Cleanliness of texture is a characteristic that runs through Op. 14 No. 1. This is a considered reading - notice the care with which the players articulate the repeated crotchets of the second subject, for example, or the even interlocking semiquaver thirds that are tossed from instrument to instrument. Interestingly the piece seems to take on more depth of utterance in the string quartet medium and it was possibly this that the players were trying to emphasise by taking what feels like a rather slow tempo for the middle movement. Here it sounds portentous. Of course the large, several-octave slur for first violin that introduces the Trio works better than on the piano because of better connectivity between the notes.

Beethoven re-writes the left-hand of the third movement, replacing the arpeggiated triplets with syncopation. A syncopated effect does occur in the piano original, though it is rather different in that he right-hand is syncopated, while the left maintains the original triplets.

The warmth of The New Music String Quartet’s sound comes easily across the years. As does one element of period practice, that of slight portamento (probably best described as a ‘slither’) that the first violin inserts around 14’06. Incidentally, that timing refers to fourteen minutes into the quartet as a whole – for some reason, Bartók Records do not track individual movements, so there are only two tracks on the disc.
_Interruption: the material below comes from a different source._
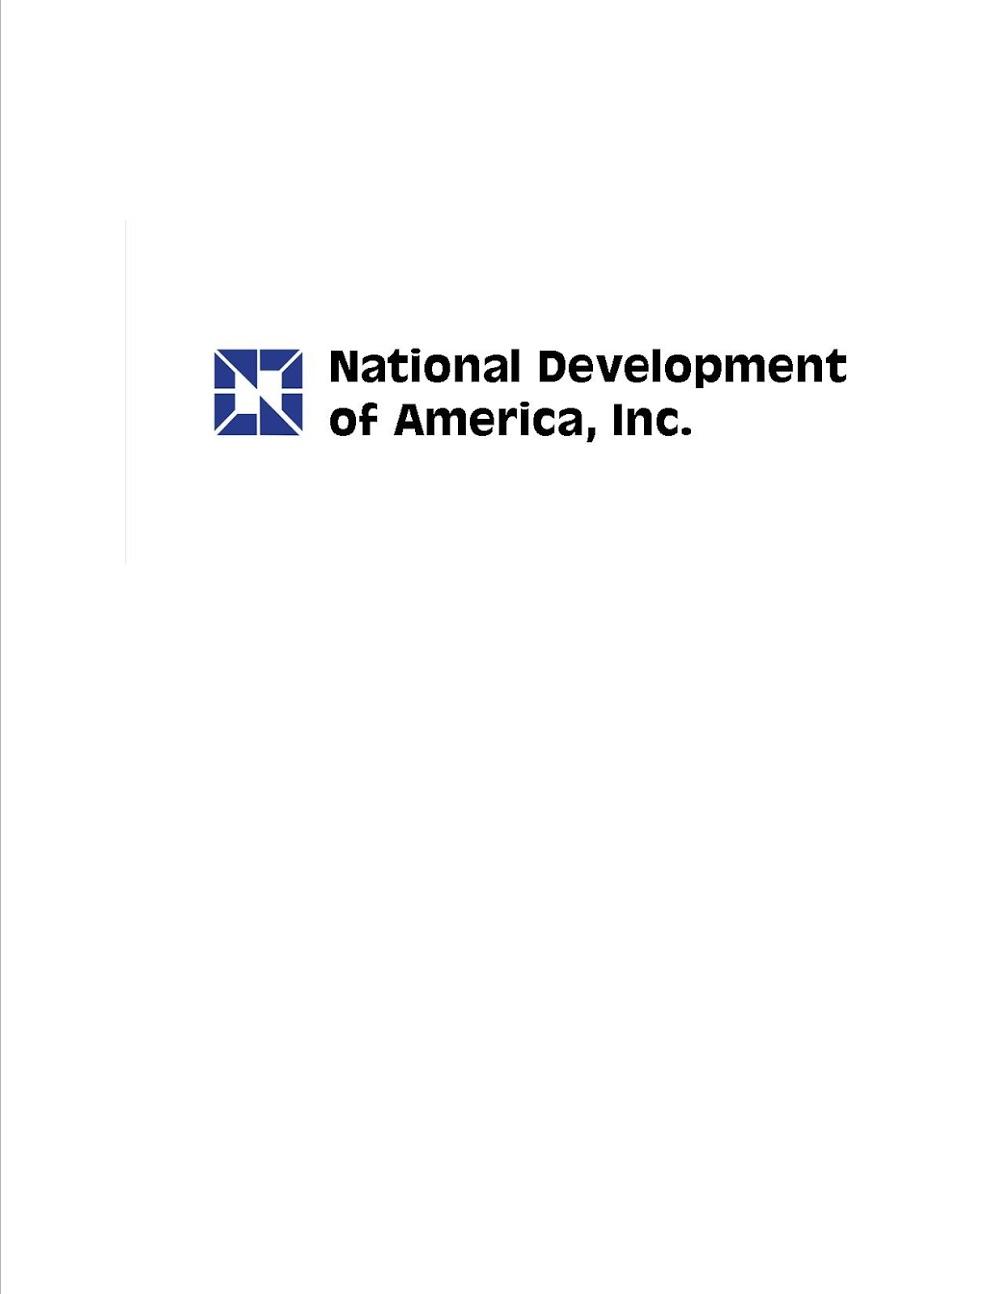 National Development of America, Inc.
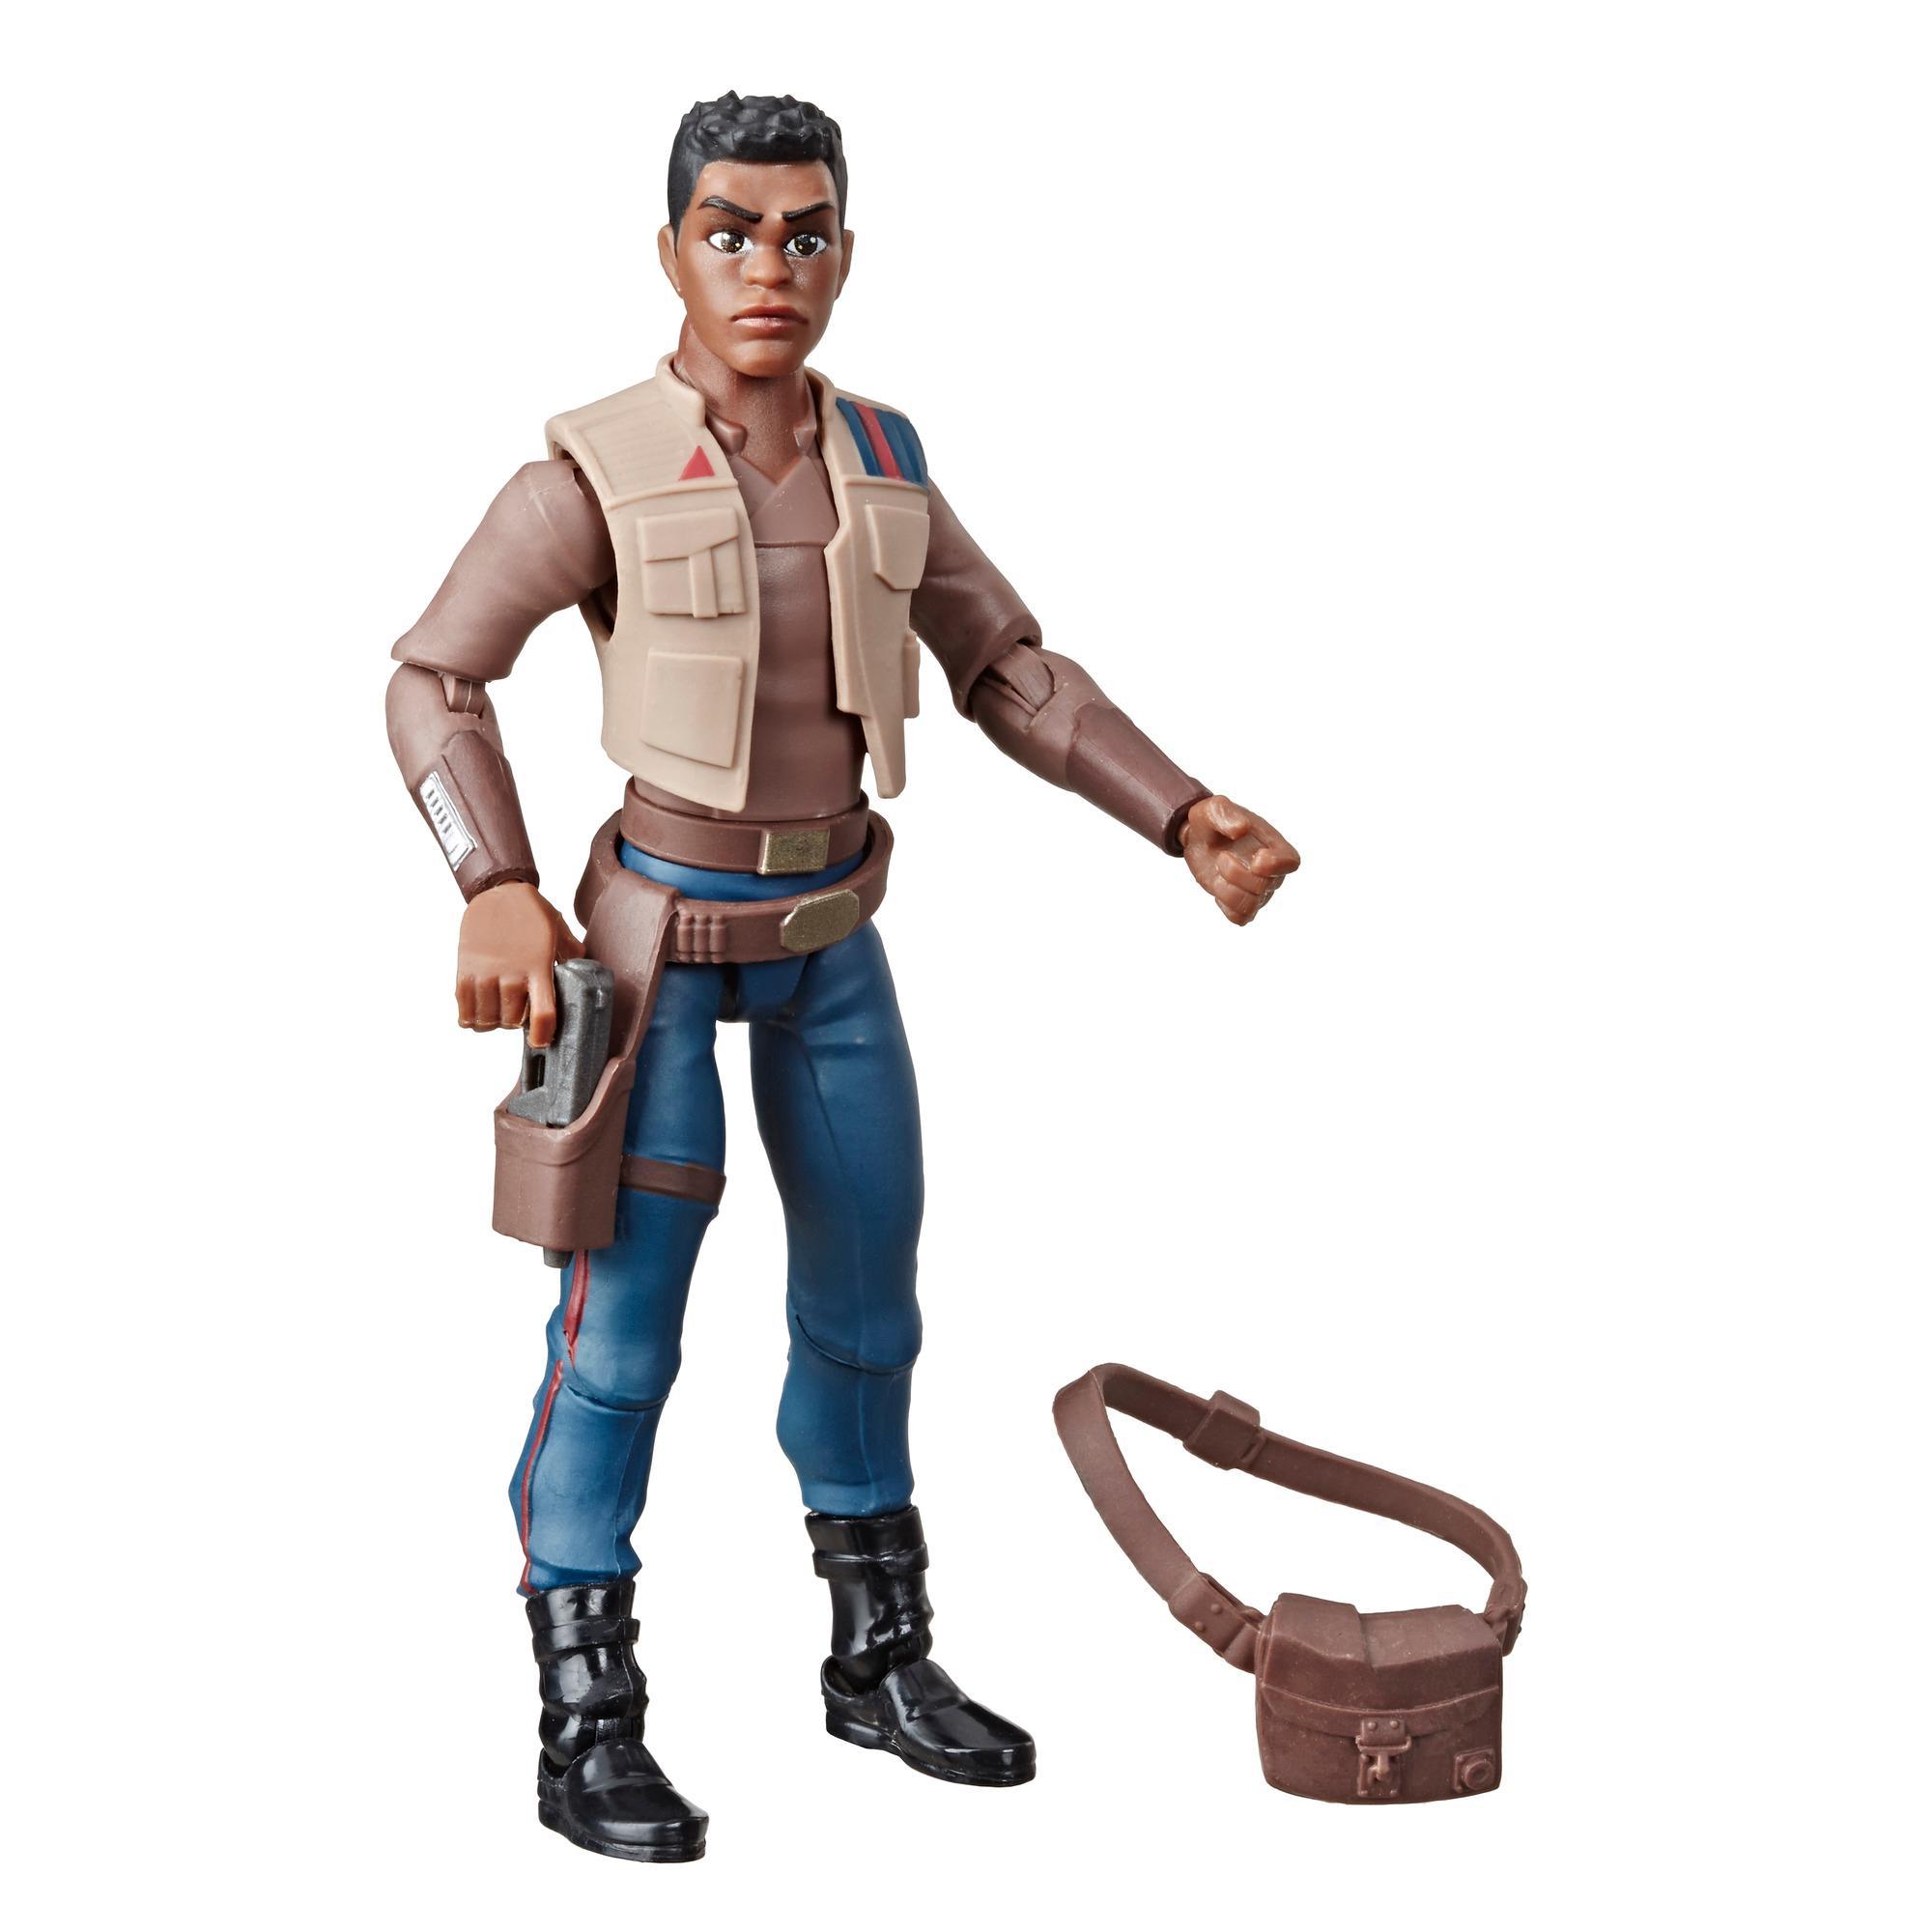 Star Wars Galaxy of Adventures Finn Action-Figur

The third Razumovsky is a superb reading, one to stand along with the very best. The New Music Quartet conjures up a miraculous sense of stillness in the first movement’s ‘Introduzione’, contrasting it with perky playing in the first movement proper, the Allegro vivace (no tempo indications are given in the documentation either, by the way). Throughout there is a simply superb sense of free communication between the instruments, as if they are living and breathing this music rather than merely playing it. For the second movement (Andante con moto quasi allegretto) perhaps there could have been a little more resonance on the cello pizzicati, but for the rest this is a delight, especially the imitative passages. Shadings in the Menuetto are superb. Yet the surprise comes with the finale. It is marked Allegro molto, and The New Music String Quartet certainly take the molto bit at face value. In doing so, yet simultaneously maintaining clarity, the tension is markedly high but not frenzied. Superb.

This disc is well worth searching out - Bartók Records’ web address is given above.